Stored data
━━━━━━━━━━

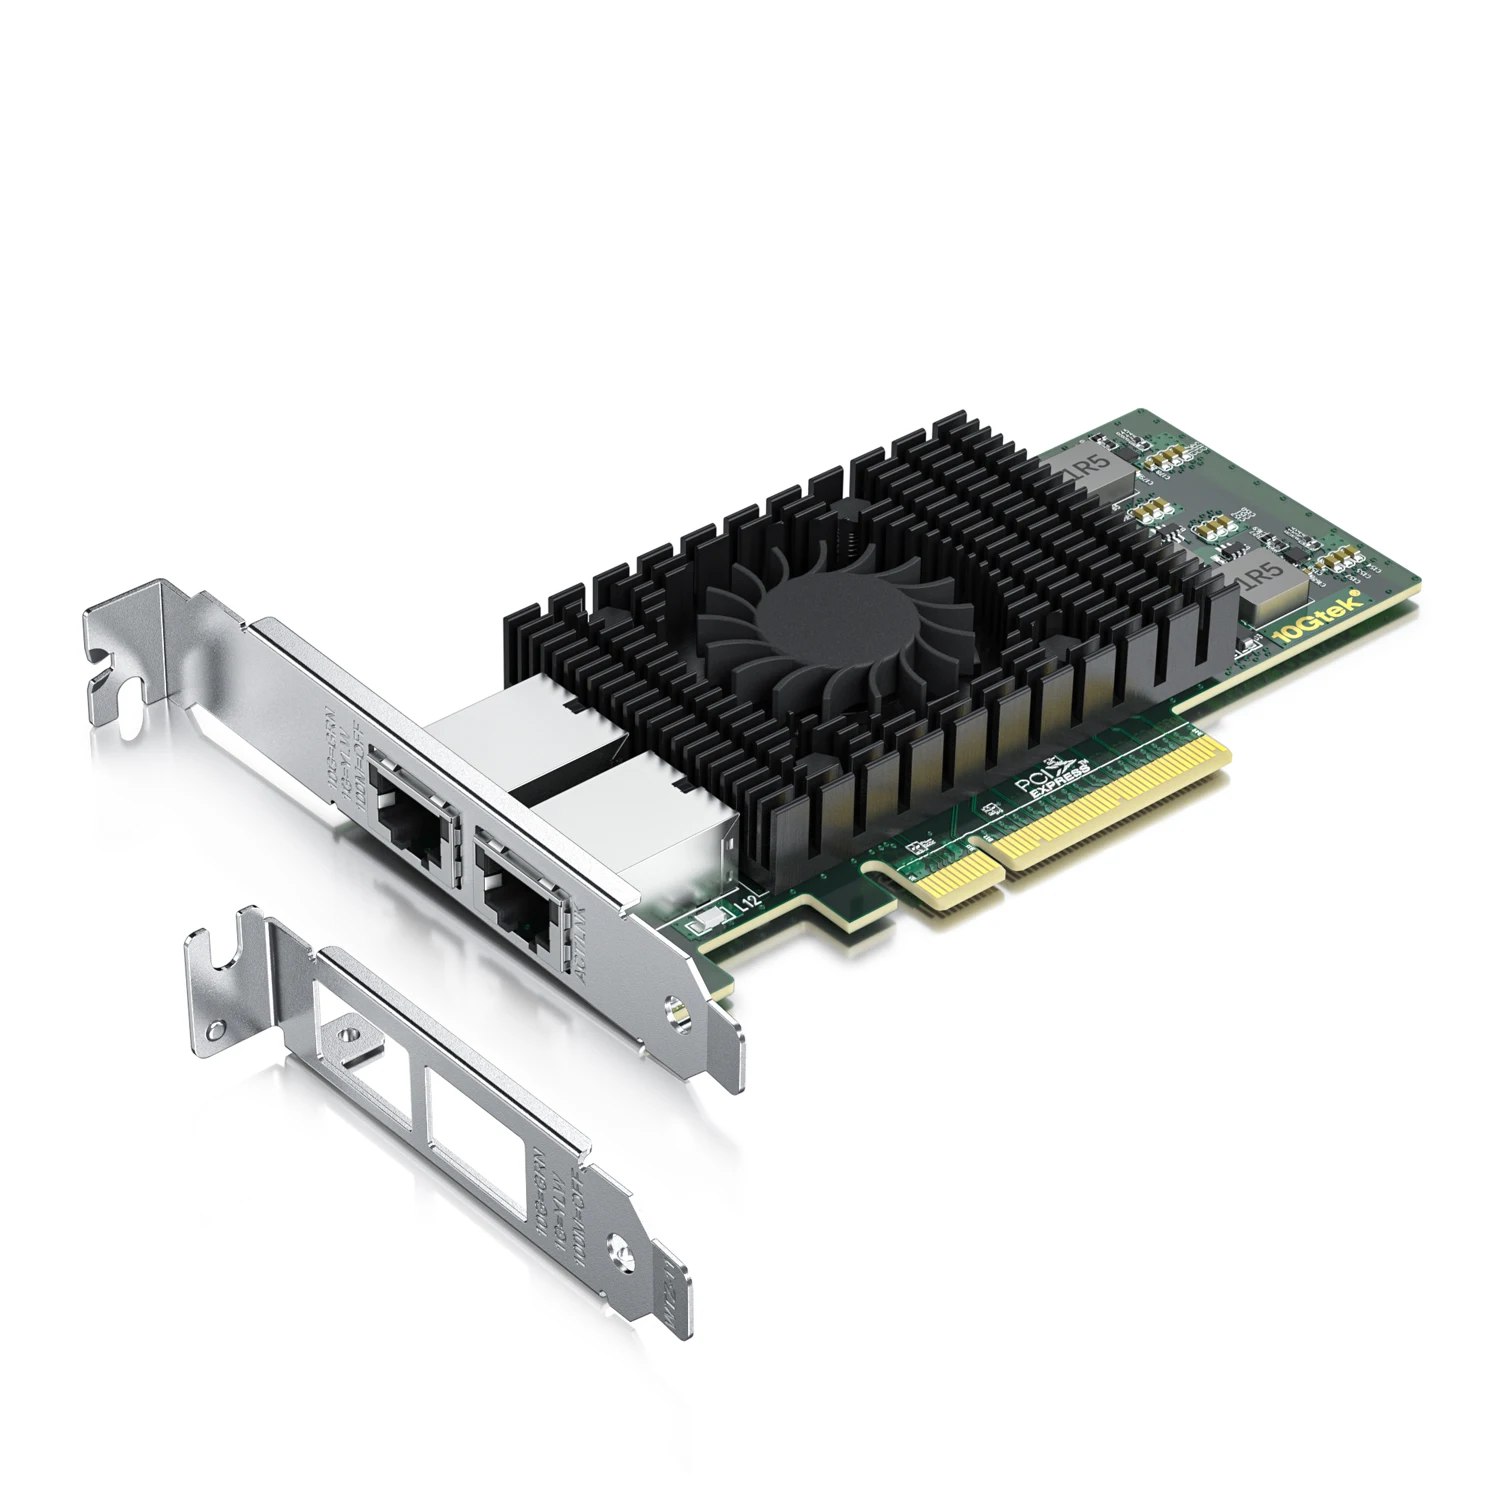 10Gb PCI-E NIC Network Card, PCI Express Ethernet LAN Adapter Support Windows Server/Windows/Linux/ESX, Compare to Intel X540-T2
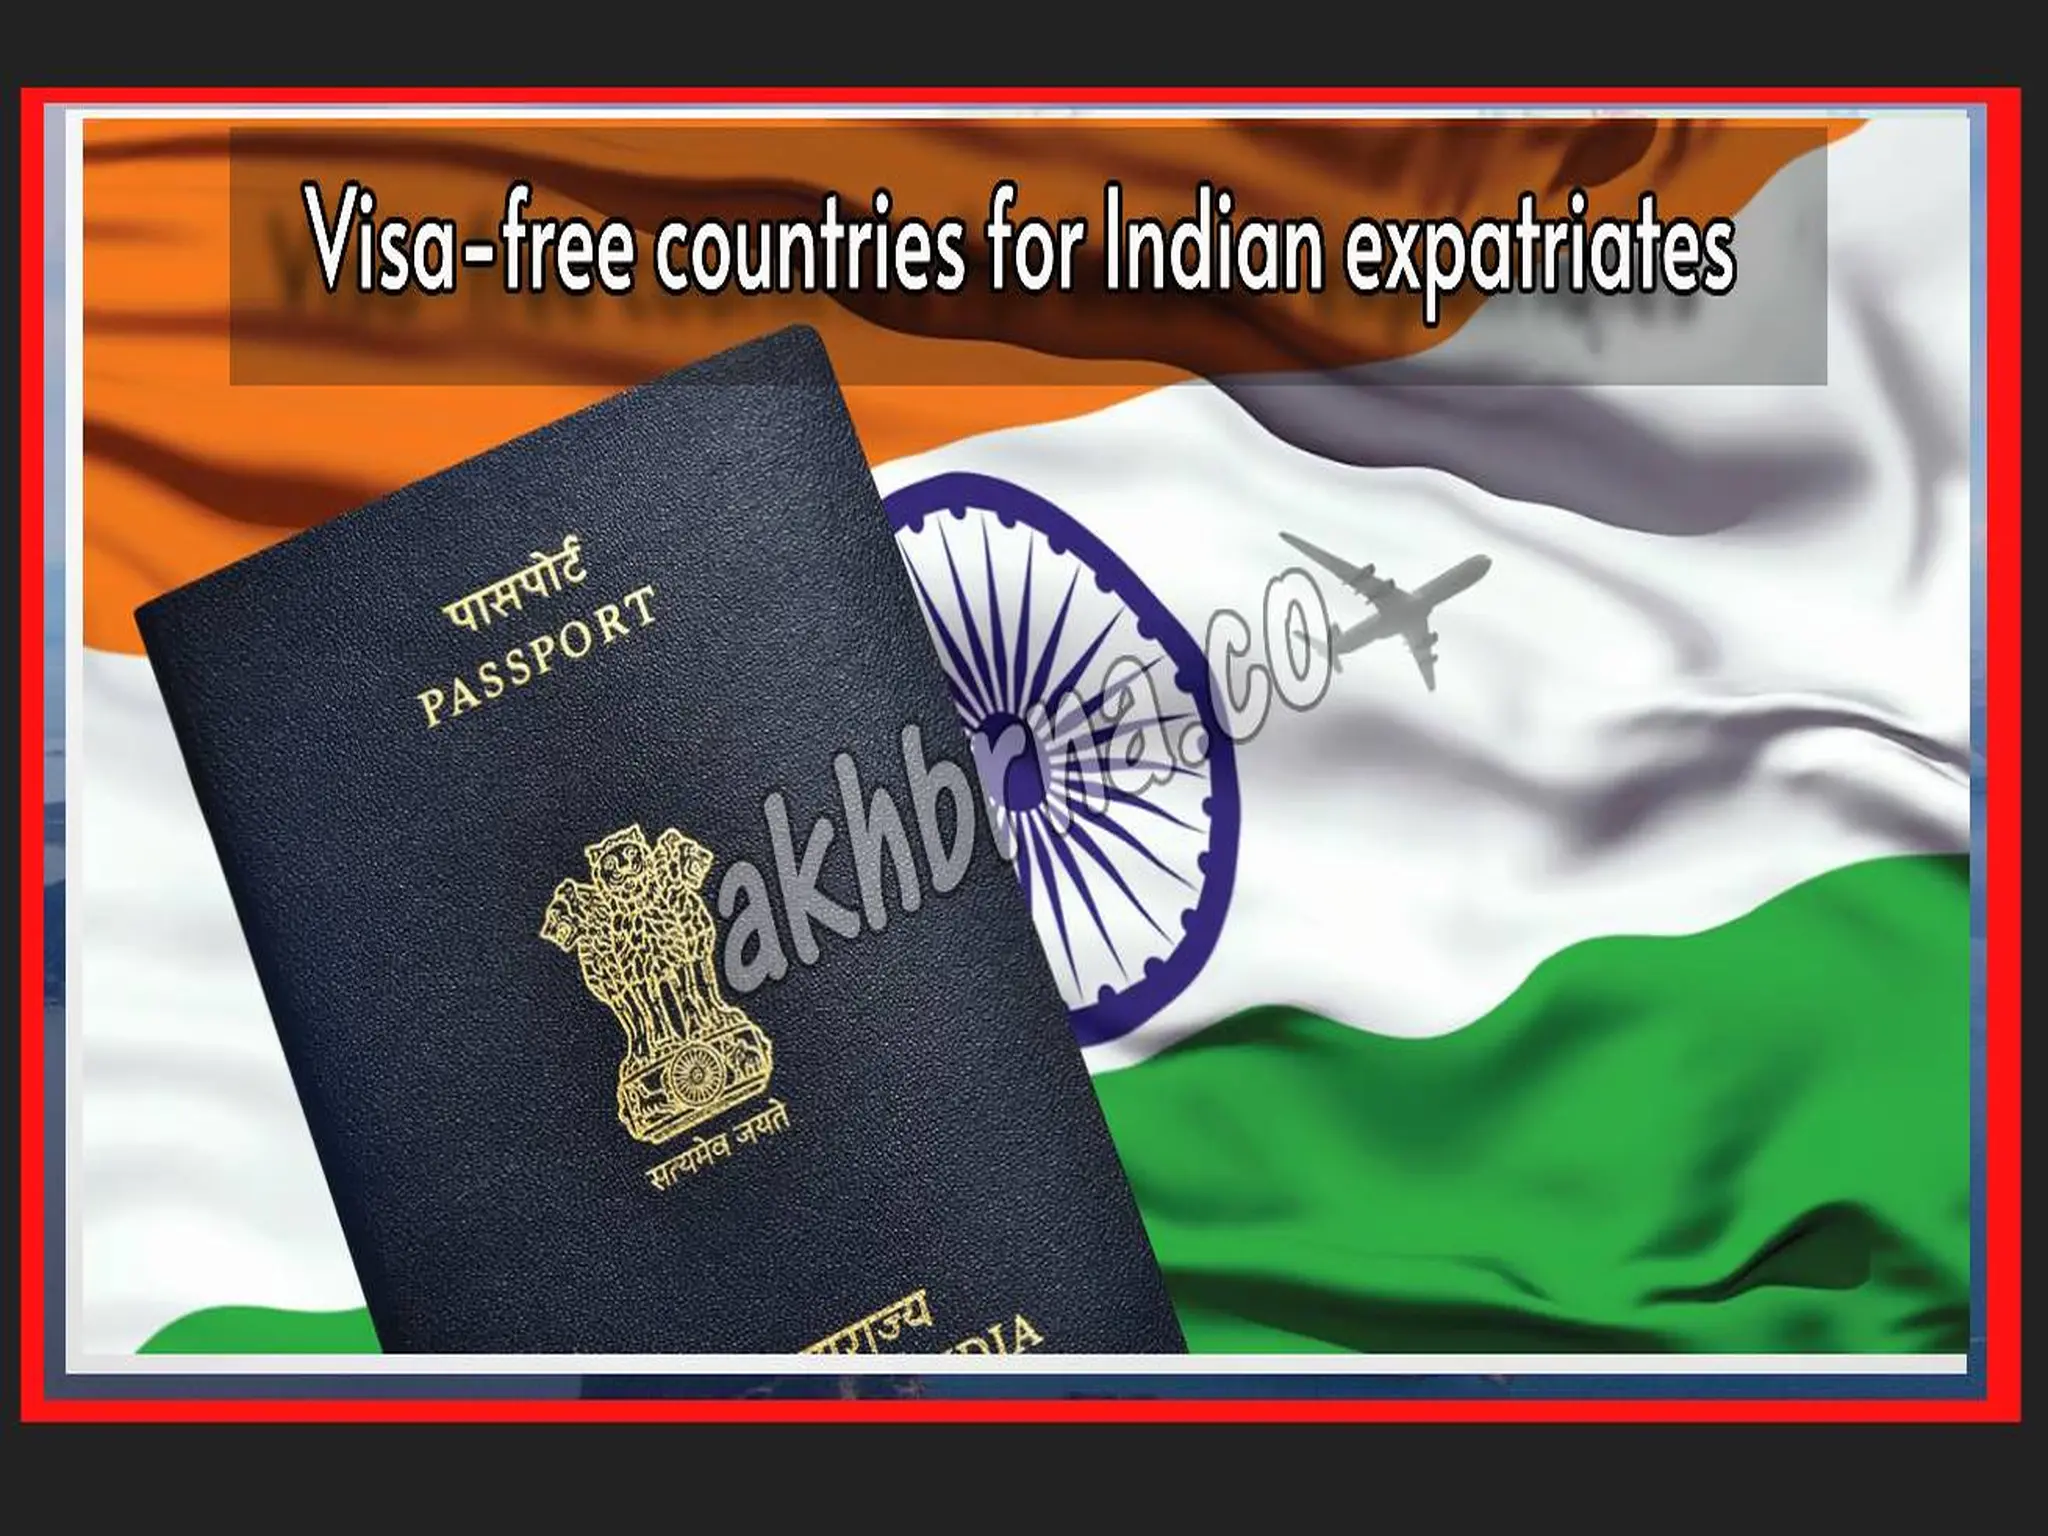 Visa-free countries for Indian expatriates
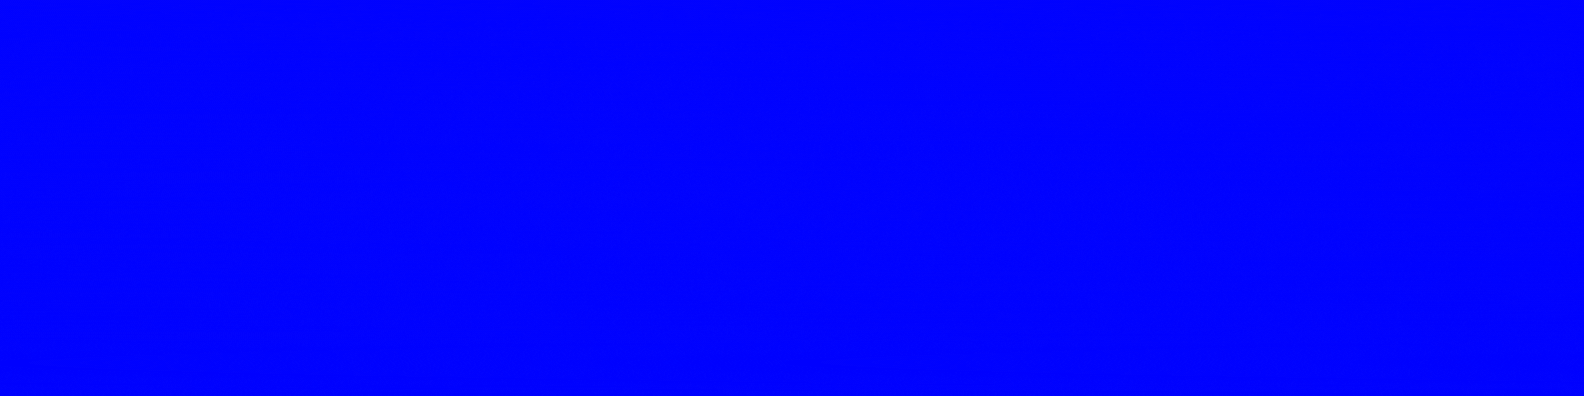 blue_and_white_abstract_technology_linkedin_banner.gif

━━━━━━━━━━

Exercise requirements
Transcribe the span of lines that runs from the line with "Visa-free countries for Indian expatriates" to the end of the data, both ends included, exactly, with nothing else and no pictures.

Response
 Visa-free countries for Indian expatriates
 blue_and_white_abstract_technology_linkedin_banner.gif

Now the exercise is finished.